■ Problem requirements:
Would you set down the data that follows, word for word, without any pictures?

■ Provided data:
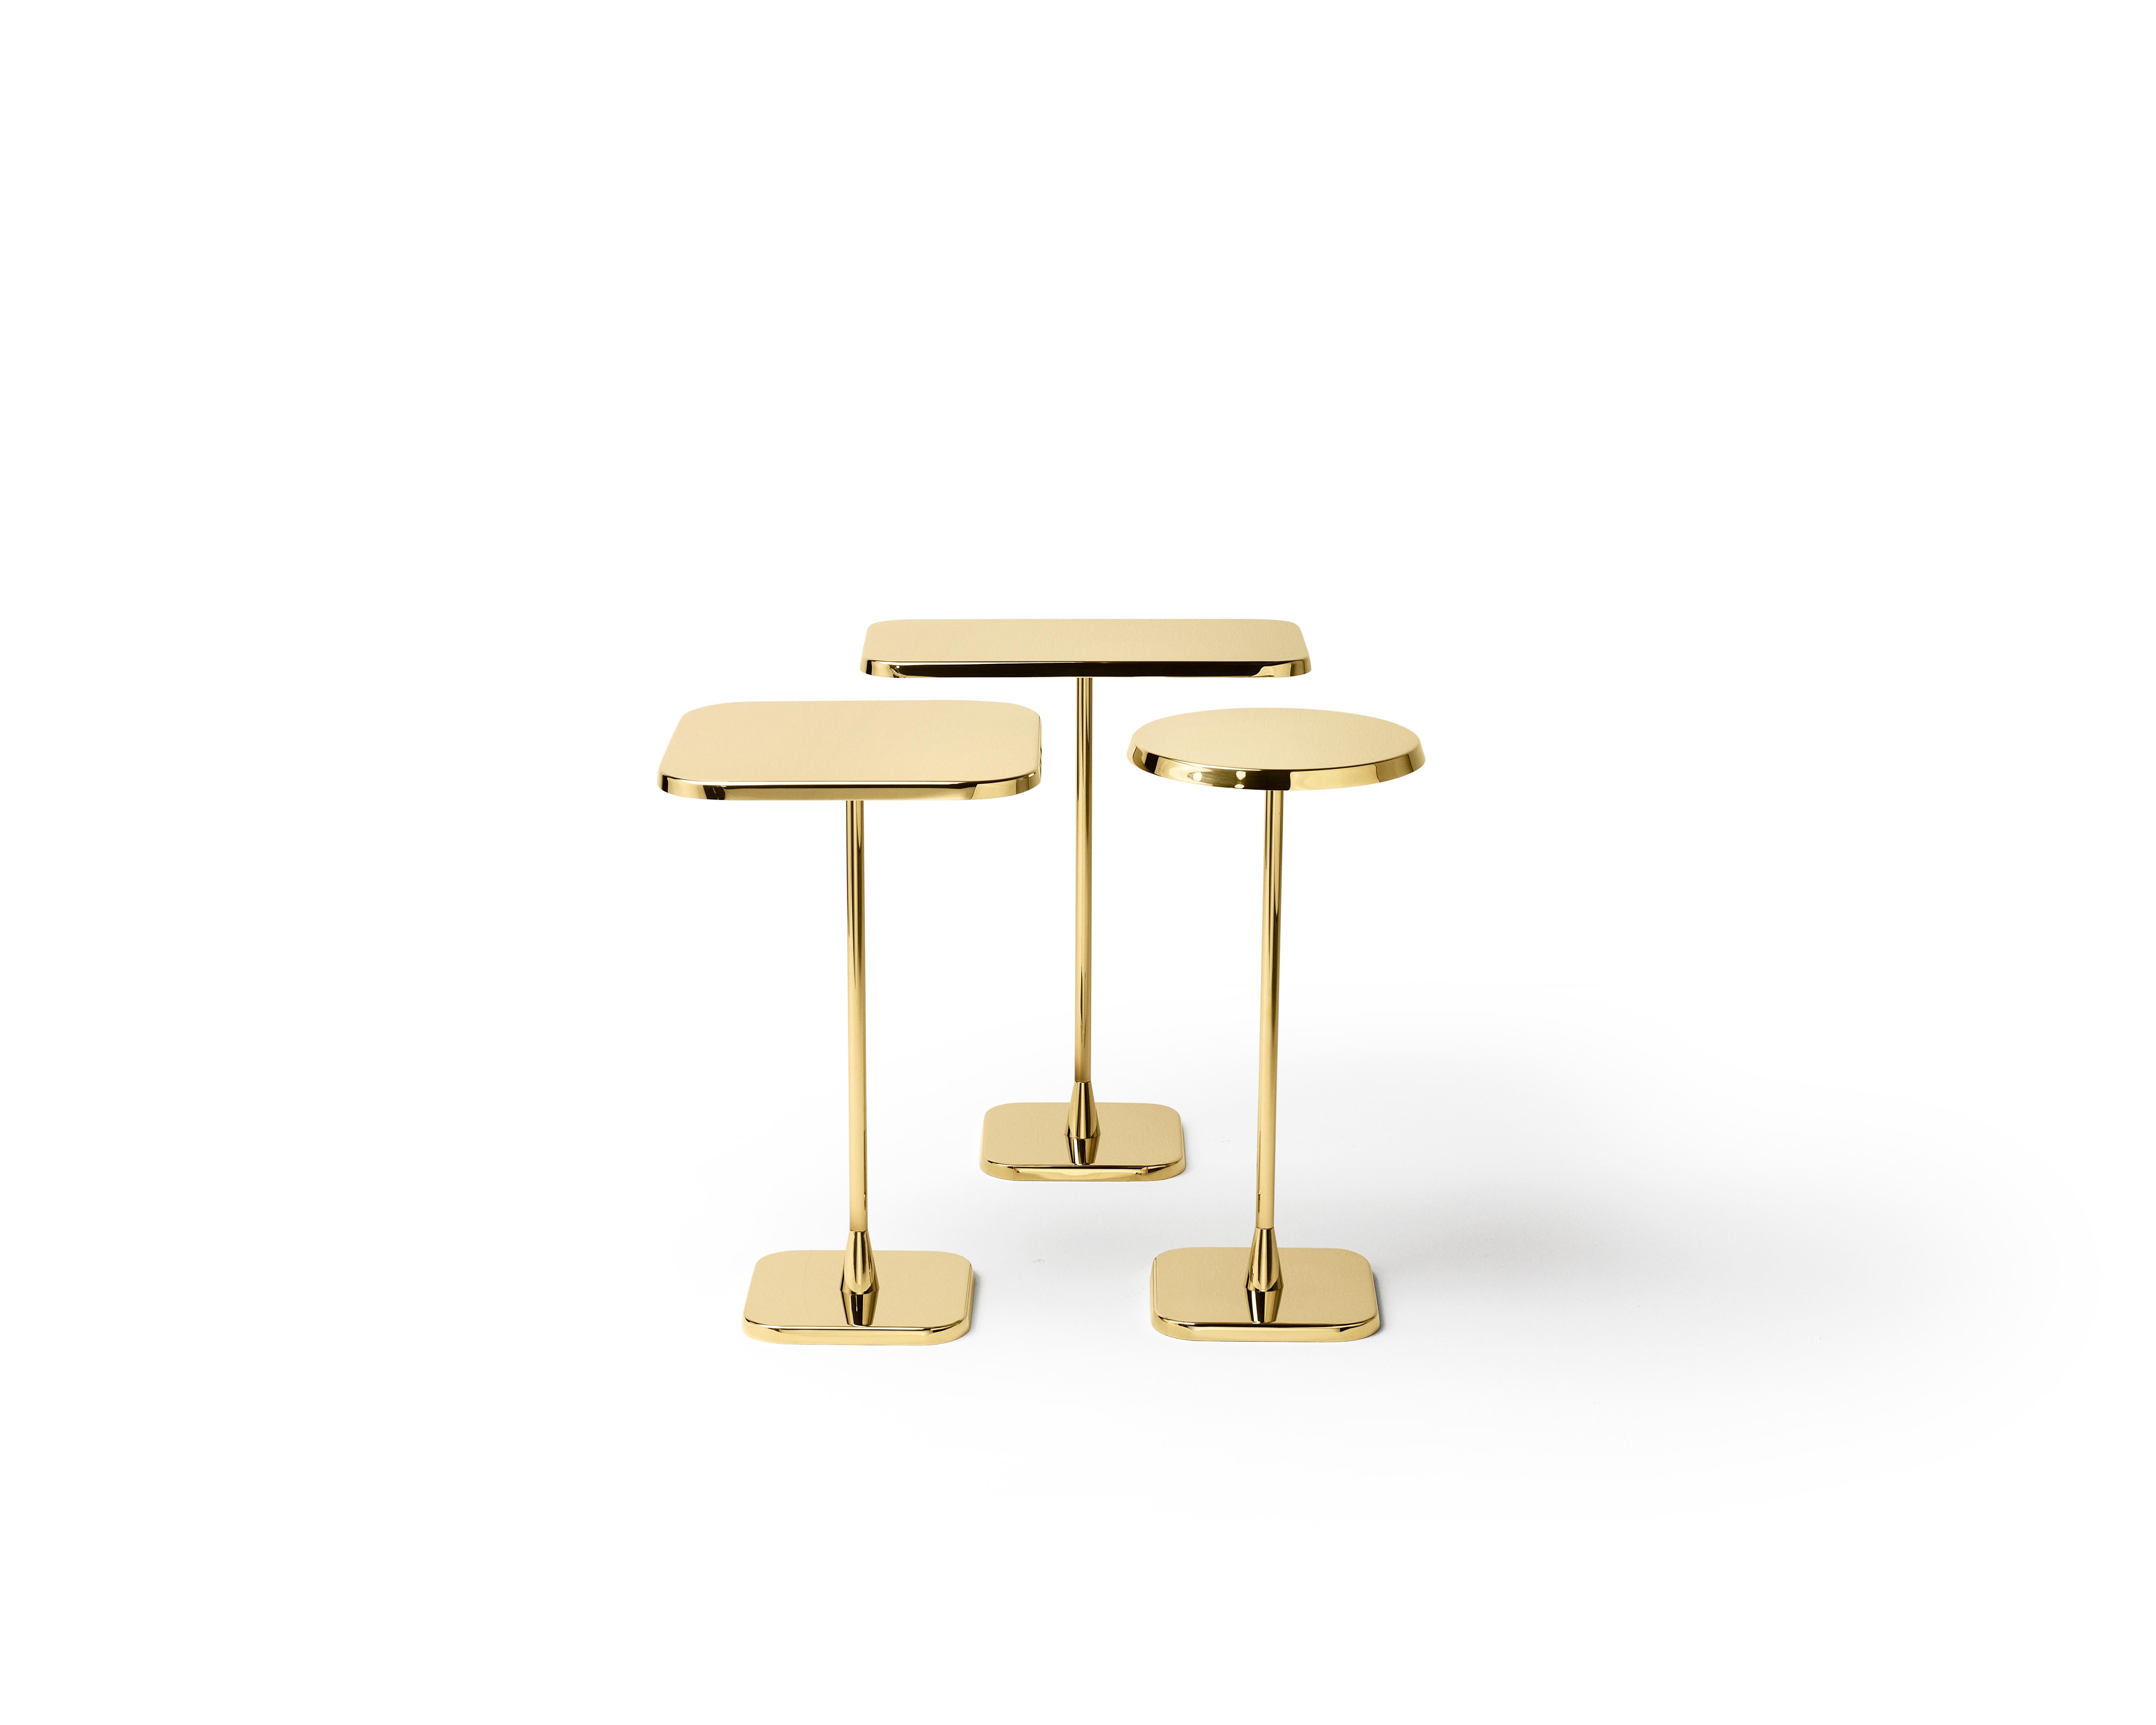 Quadratischer Tisch aus rostfreiem Stahl
Für die Inneneinrichtung der niederländischen Nationaloper und des Balletts entwarf Hutten diese einfachen, aber eleganten und sehr nützlichen Beistelltische.

Material:
Rostfreier Stahl mit

■ Answer section:
 Quadratischer Tisch aus rostfreiem Stahl
Für die Inneneinrichtung der niederländischen Nationaloper und des Balletts entwarf Hutten diese einfachen, aber eleganten und sehr nützlichen Beistelltische.

Material:
Rostfreier Stahl mit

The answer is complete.